This means that we can't, for example, live-migrate between different systems
without flushing outstanding buffers.

> >What is the room in skb head used for?
> I'm not sure, but the latest ixgbe driver does this, it reserves 32 bytes compared to
> NET_IP_ALIGN.

Looking at code, this seems to do with alignment - could just be
a performance optimization.

> >> Two:	Modify driver to get user buffer allocated from a page constructor
> >> 	API(to substitute alloc_page()), the user buffer are used as payload
> >> 	buffers and filled by h/w directly when packet is received. Driver
> >> 	should associate the pages with skb (skb_shinfo(skb)->frags). For 
> >> 	the head buffer side, let host allocates skb, and h/w fills it. 
> >> 	After that, the data filled in host skb header will be copied into
> >> 	guest header buffer which is submitted together with the payload buffer.
> >> 
> >> 	Pros:	We could less care the way how guest or host allocates their
> >> 		buffers.
> >> 	Cons:	We still need a bit copy here for the skb header.
> >> 
> >> We are not sure which way is the better here.
> 
> >The obvious question would be whether you see any speed difference
> >with the two approaches. If no, then the second approach would be
> >better.
> 
> I remember the second approach is a bit slower in 1500MTU. 
> But we did not tested too much.

Well, that's an important datapoint. By the way, you'll need
header copy to activate LRO in host, so that's a good
reason to go with option 2 as well.

> >> This is the first thing we want
> >> to get comments from the community. We wish the modification to the network
> >> part will be generic which not used by vhost-net backend only, but a user
> >> application may use it as well when the zero-copy device may provides async
> >> read/write operations later.
> >> 
> >> Please give comments especially for the network part modifications.
> >> 
> >> 
> >> We provide multiple submits and asynchronous notifiicaton to 
> >>vhost-net too.
> >> 
> >> Our goal is to improve the bandwidth and reduce the CPU usage.
> >> Exact performance data will be provided later. But for simple
> >> test with netperf, we found bindwidth up and CPU % up too,
> >> but the bindwidth up ratio is much more than CPU % up ratio.
> >> 
> >> What we have not done yet:
> >> 	packet split support
> 
> >What does this mean, exactly?
> We can support 1500MTU, but for jumbo frame, since vhost driver before don't 
> support mergeable buffer, we cannot try it for multiple sg.

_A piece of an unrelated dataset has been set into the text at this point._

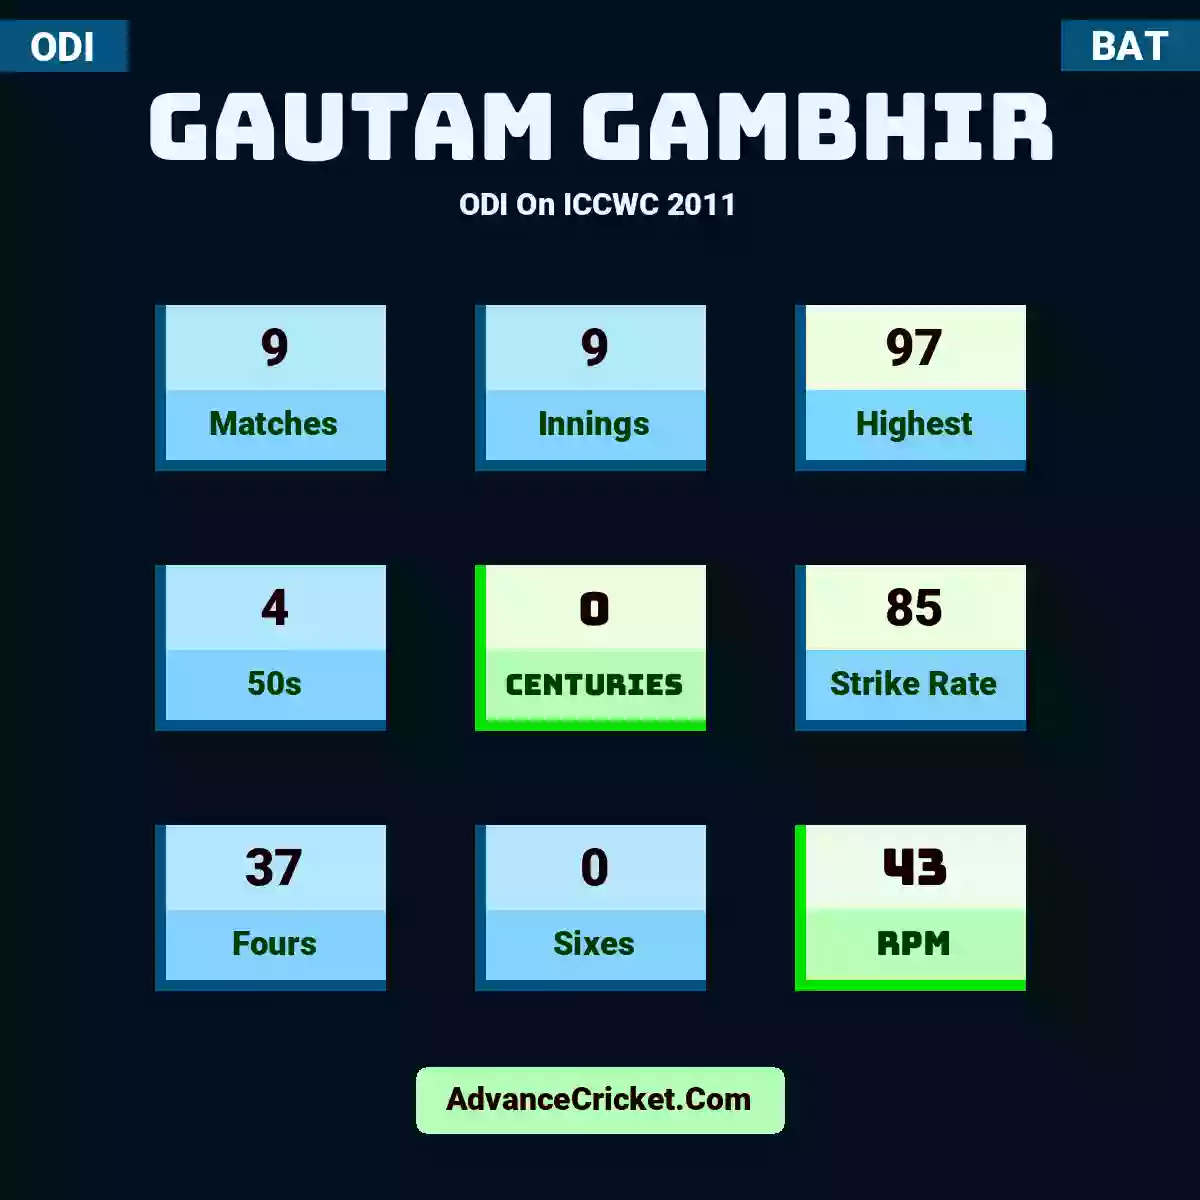 Gautam Gambhir ODI  On ICCWC 2011, Gautam Gambhir played 9 matches, scored 97 runs as highest, 4 half-centuries, and 0 centuries, with a strike rate of 85. G.Gambhir hit 37 fours and 0 sixes, with an RPM of 43.

I do not see why, vhost currently supports 64K buffers with indirect
descriptors.

> A jumbo frame will split 5
> frags and hook them once a descriptor, so the user buffer allocation is greatly dependent
> on how guest virtio-net drivers submits buffers. We think mergeable buffer is suitable for it. 
> 
> >> 	To support GRO
> Actually, I think if the mergeable buffer may get good performance, then GRO is not 
> so important then.
> >And TSO/GSO?
> Do we really need them?

My guess would be yes. Mergeable buffers is a memory saving
optimization, not a performance optimization, I don't see
that it can help. And I think you can't solely rely on jumbo frames
in hardware, not everyone can enable them.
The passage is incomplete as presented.